Пока я гуглю симптомы шизофрении, раздается глухой и настойчивый стук в дверь. Вскакиваю и несусь в прихожую, но около зеркального шкафа-купе притормаживаю и последний раз оглядываю свое отражение. Сойдет.
Игнатов стоит, облокотившись на дверной косяк одной рукой, а в другой держит пакет.
– Привет, проходи, – пропускаю Леона в квартиру.
Бывший муж проходит, разувается и передает мне пакет.
Я стою и смотрю на него, ожидая хоть какого-нибудь знака. Этот пакет мне или он просто дал его подержать, чтобы разуться? Игнатов ухмыляется и кивает на пакет, типа «смотри».
Я готова взвизгнуть от радости, но сдерживаю непрошенные эмоции. Заглядываю в пакет и достаю оттуда пластиковый контейнер с моими любимыми белковыми трубочками. Не может быть! Мои любимые трубочки!
Когда мы только поженились, Леон часто покупал для меня эти невероятно нежнейшие трубочки, тем самым задабривал, когда задерживался на работе. Ради этих воздушных пирожных, я прощала ему все.
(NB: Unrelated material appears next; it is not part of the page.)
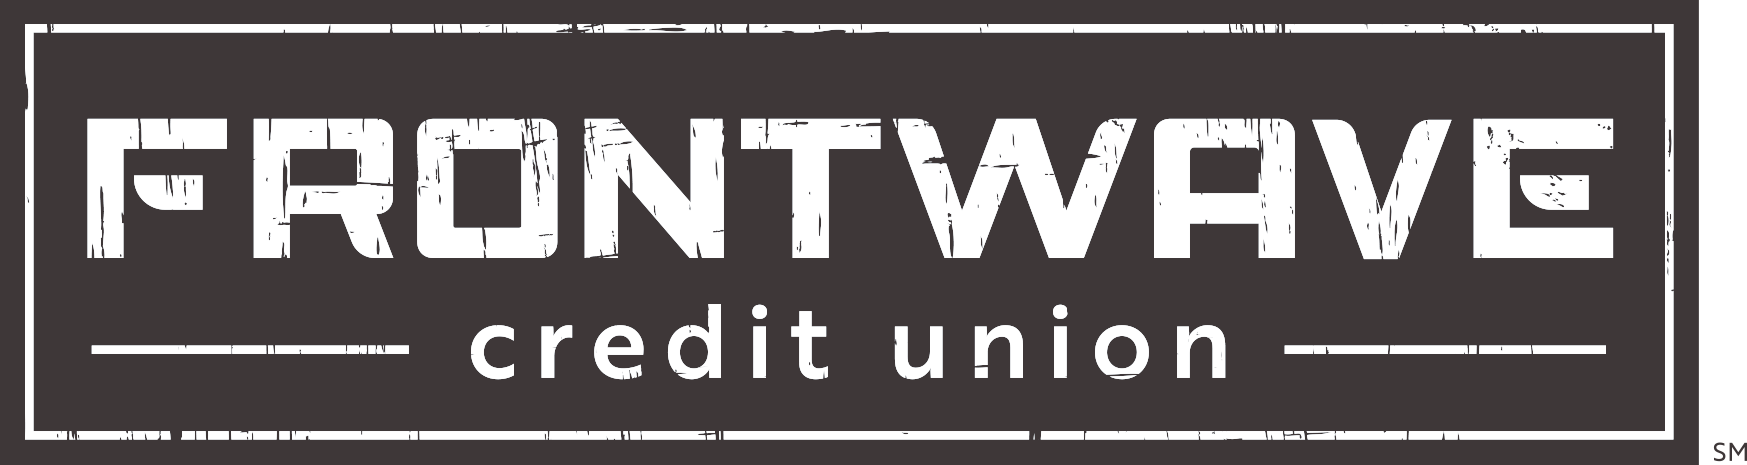 Frontwave Credit Union

Но последний год, а может и дольше, я редко, но покупала себе их сама. Потому что Леон либо совсем не появлялся дома, либо появлялся настолько поздно, что ни одна кондитерская уже не работала.
– Спасибо! – искренне улыбаюсь, а еще смущаюсь. Такое ощущение, что я 18-летняя девчонка, которая пригласила к себе в гости понравившегося парня, пока ее родители уехали на дачу.
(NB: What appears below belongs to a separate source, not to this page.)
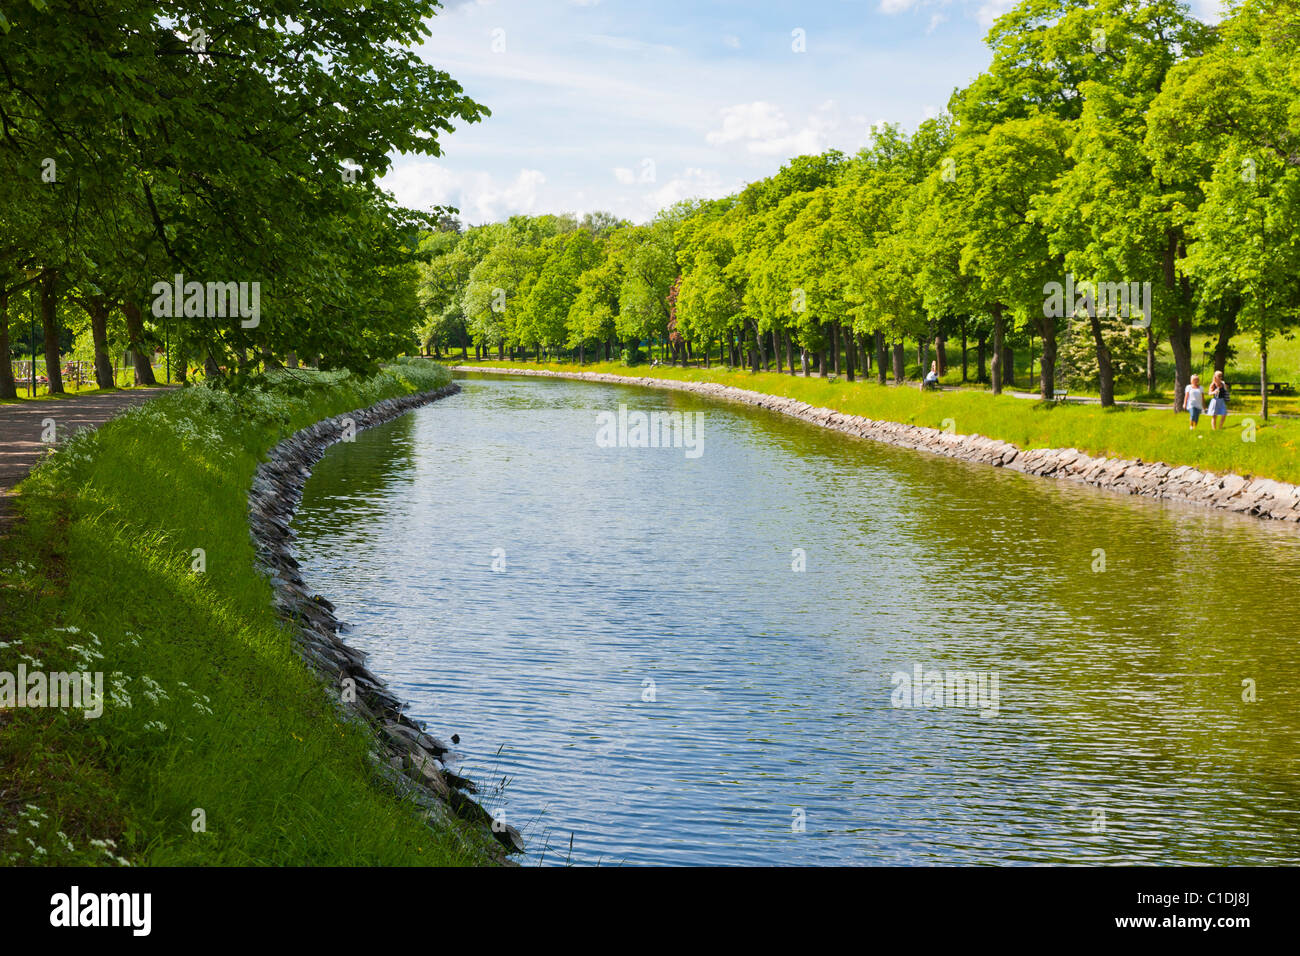 The canal through Djurgarden, Stockholm, Sweden. Stock Photo

Только вот мне далеко не 18-ть и в гости я никого не приглашала, а передо мной не понравившийся парень, а бывший муж, отписавший мне эту самую квартиру. Сюр какой-то.
Игнатов по-свойски проходит в ванную и по звуку льющейся воды я понимаю, что он моет руки. Я стою в прихожей и опять рассматриваю себя в зеркале. Поправляю волосы и сильнее опускаю плечико футболки.
Леон выходит, бросает на меня равнодушный взгляд и направляется в гостиную, а я плетусь за ним. В небольшой зальной стенке открывает нижний выдвижной ящик, где у нас хранится всякая ерунда: старые подаренные открытки, конверты, чеки, когда-то купленных товаров, блокноты, календарики, а также гарантийные талоны и сервисные книжки. Вот под всей этой макулатурой отыскиваются документы, а я, глупая, не нашла.
– Здесь выписка из ЕГРН, паспорт на счетчик, а это договор на обслуживание газового котла, если вдруг понадобится, – равнодушным голосом отчитывается бывший муж. – Что еще? Говори, пока я здесь.
Мы сидим на диване напротив друг друга. Мой бывший муж сейчас так близко, что я могу его рассмотреть. Я смотрю на него по-новому, как –то по-другому…заинтересовано что ли. Мне любопытно, какой он без меня и так хочется найти какие-нибудь подсказки, что ему сложно и одиноко, но не нахожу…
Всё в нем я знаю: каждую венку, черточку и морщинку. Его глаза снова красные и уставшие от каждодневных мерцающих мониторов, и я абсолютно уверенна, что в каждом кармане его пиджаков можно найти глазные капли. А вот если слегка отодвинуть ворот его сорочки легко заметить маленькое родимое пятнышко, похожее на лук и стрелу. Весьма символично, потому что Игнатов- стрелец. Оно мне нравилось, я даже завидовала бывшему мужу считая, что это родимое пятно делает его особенным и загадочным.
Всё это я знаю и помню…
Он не рассматривает, в отличие от меня, просто смотрит сквозь, как обычно смотрят на неинтересных знакомых и собеседников – равнодушно и отчужденно.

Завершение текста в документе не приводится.